Der Film von Safy Nebbou hat das Glück, eine Darstellerin an Bord zu haben, der dieses System egal ist. Binoche spielt, als würde sie bewertet werden. Alle anderen spielen, als würden sie gestreamt.

Häufig gestellte Fragen zur Besetzung von So wie Du Mich Willst

Wer spielt die Hauptrolle in So wie Du Mich Willst?

Die Hauptrolle der Claire wird von Juliette Binoche gespielt. Sie trägt den Film beinahe im Alleingang und liefert die einzige Leistung, über die man am nächsten Tag noch nachdenkt.

Wer sind die weiteren wichtigen Schauspieler im Cast?

François Civil spielt den jungen Alex, Nicole Garcia übernimmt die Rolle der Psychiaterin Dr. Bormans, Charles Berling spielt Claires Ehemann Ludo, und Marie-Ange Casta ist als Katia zu sehen.

Wer liefert die beste schauspielerische Leistung im Film?

Juliette Binoche – ohne Diskussion.
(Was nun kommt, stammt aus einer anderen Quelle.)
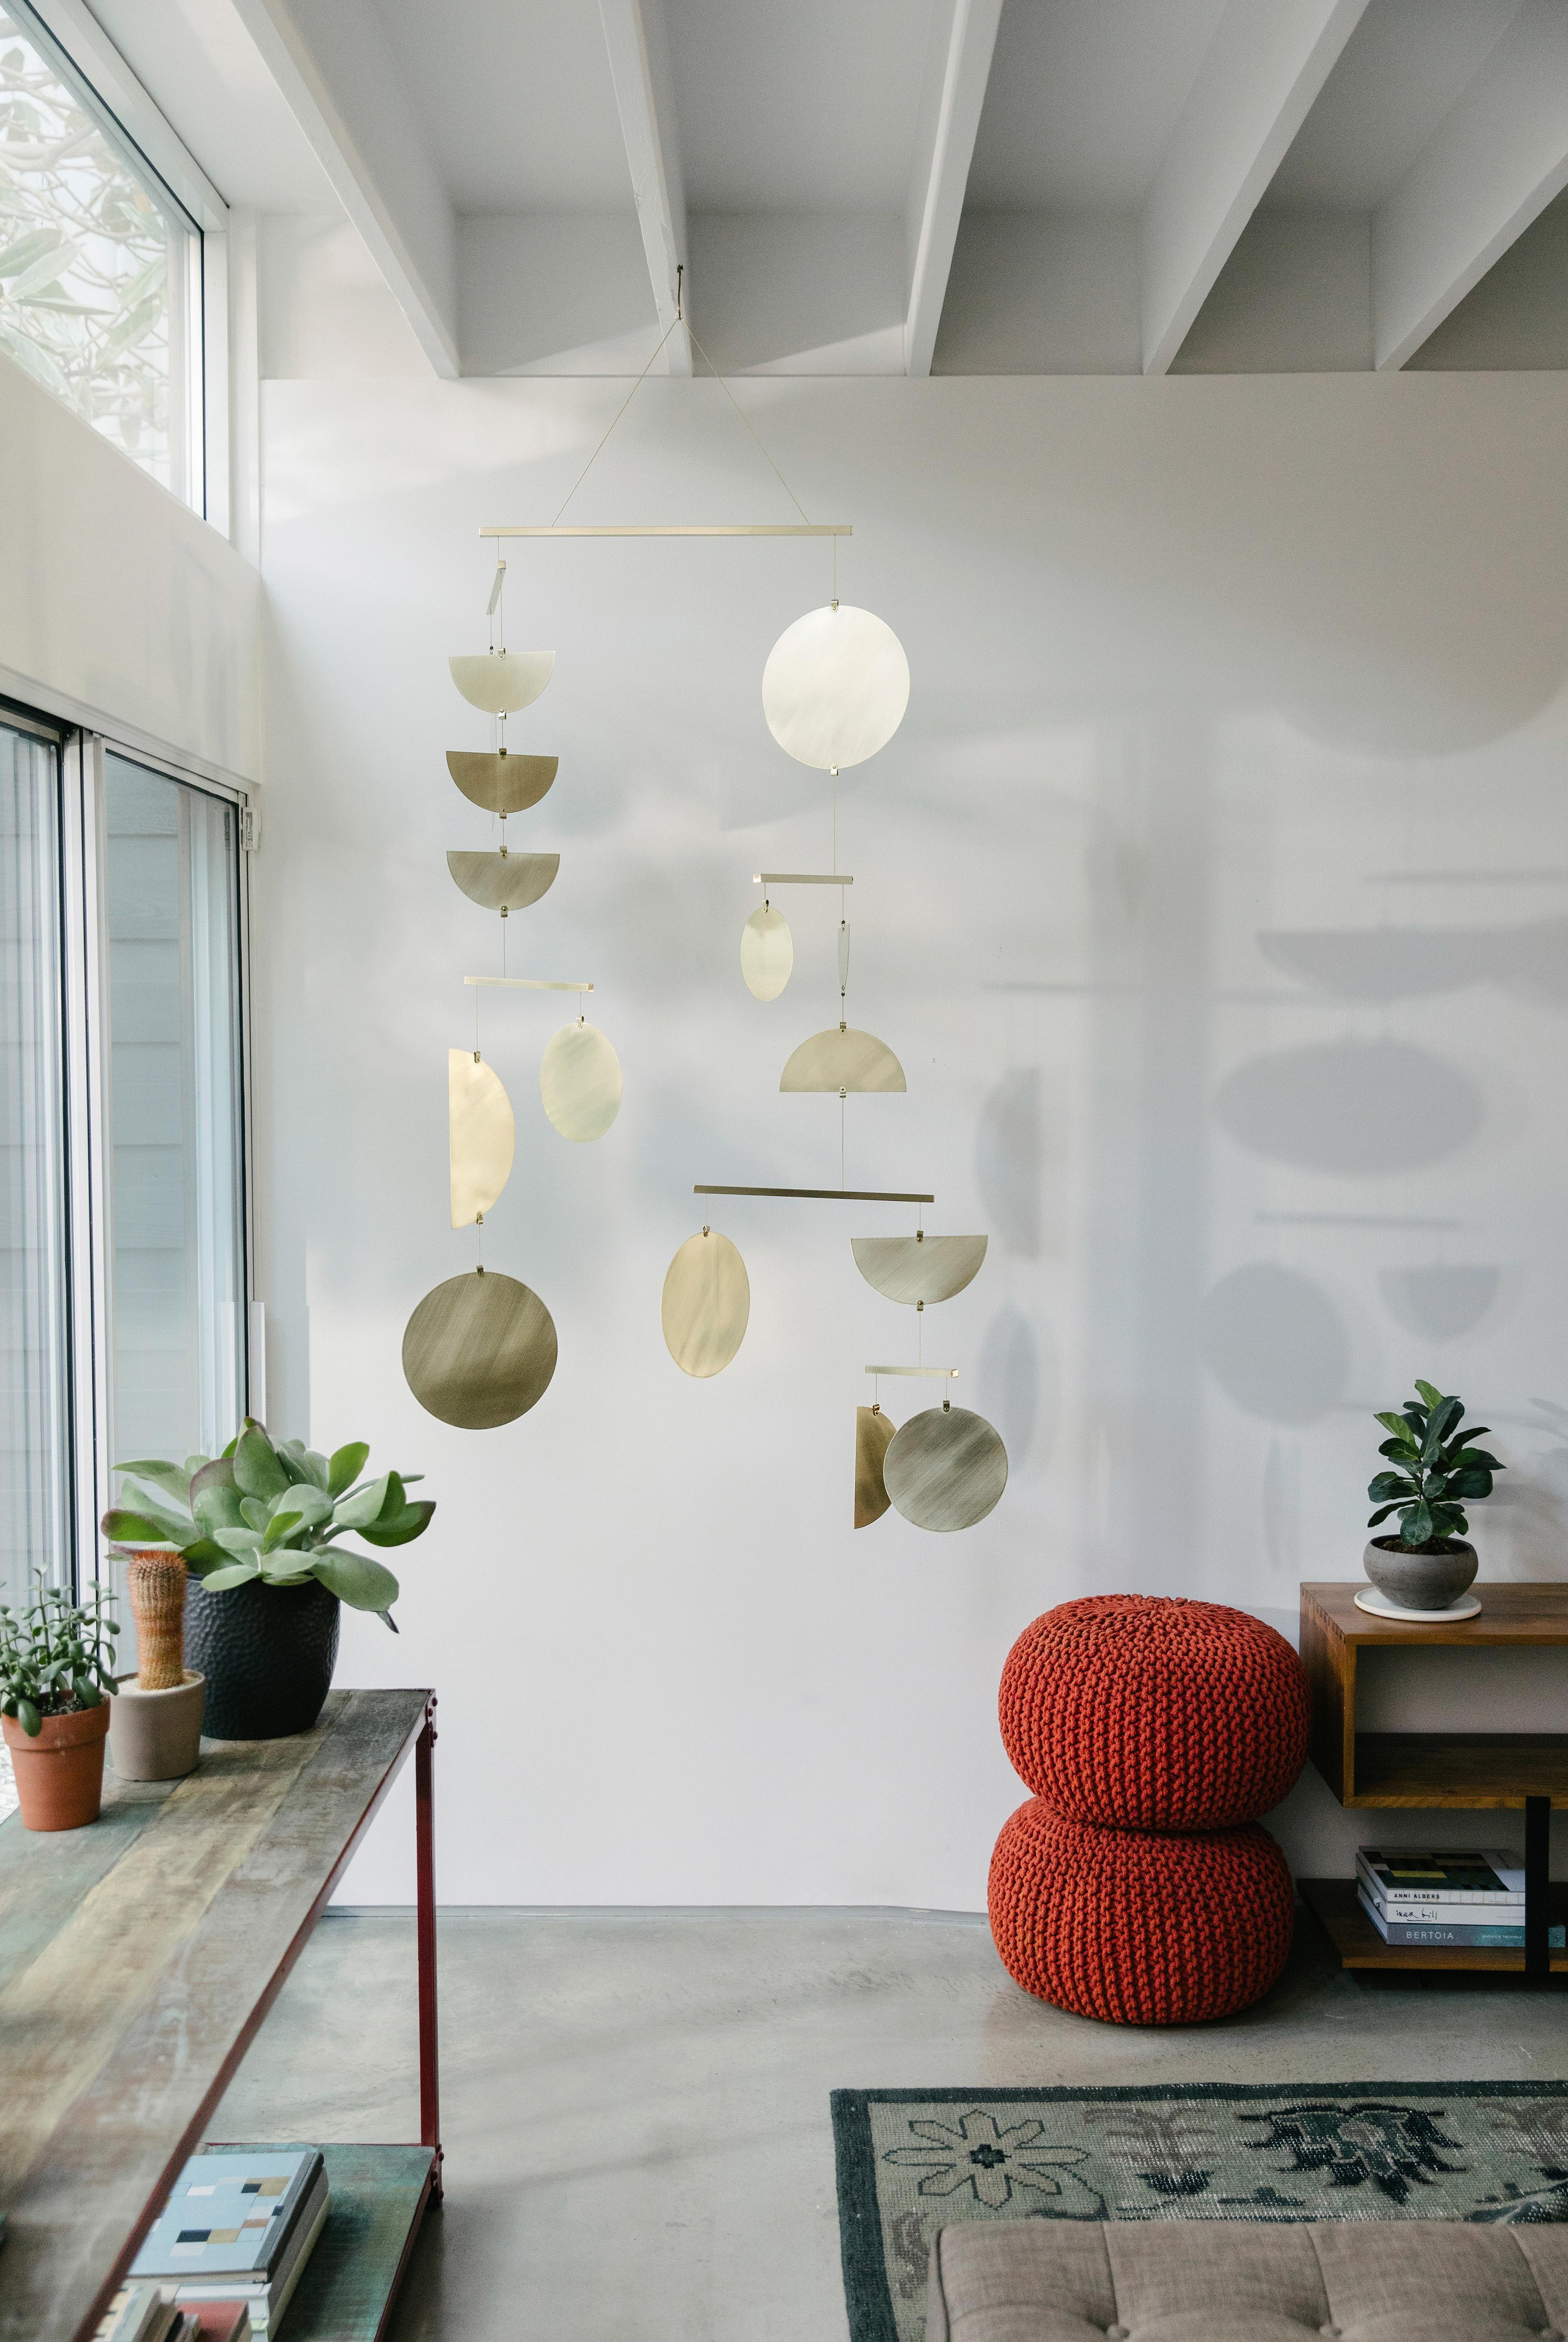 The Continuum Mobile is our most stunning mobile in both design and scale with visually cacophonous clusters of shapes that artfully glide between each other. This statement piece is ideal for large open spaces and stairwells to highlight its

Mit einer Bewertung von 8/10 ist sie die einzige Darstellerin, die wirklich über das Drehbuch hinauswächst und dem Film emotionale Glaubwürdigkeit verleiht.

Gibt es schwache Leistungen in der Besetzung?

Marie-Ange Casta und Charles Berling bleiben beide deutlich unter ihren Möglichkeiten. Nicht katastrophal, aber austauschbar. Typecasting und mangelnde Figurentiefe tragen dazu bei.

Lohnt sich So wie Du Mich Willst trotz gemischter Besetzung?

Ja – aber ausschließlich wegen Juliette Binoche. Wer das französische Psychodrama-Genre mag und bereit ist, über einige flache Nebenrollen hinwegzusehen, wird einen sehenswürdigen Film erleben. Wer brillantes Ensemblespiel erwartet, wird enttäuscht sein.

Ist der Film auf Streaming-Plattformen verfügbar?

Ja, So wie Du Mich Willst ist unter anderem über Amazon sowie als DVD und Blu-ray erhältlich und auf Apple TV abrufbar.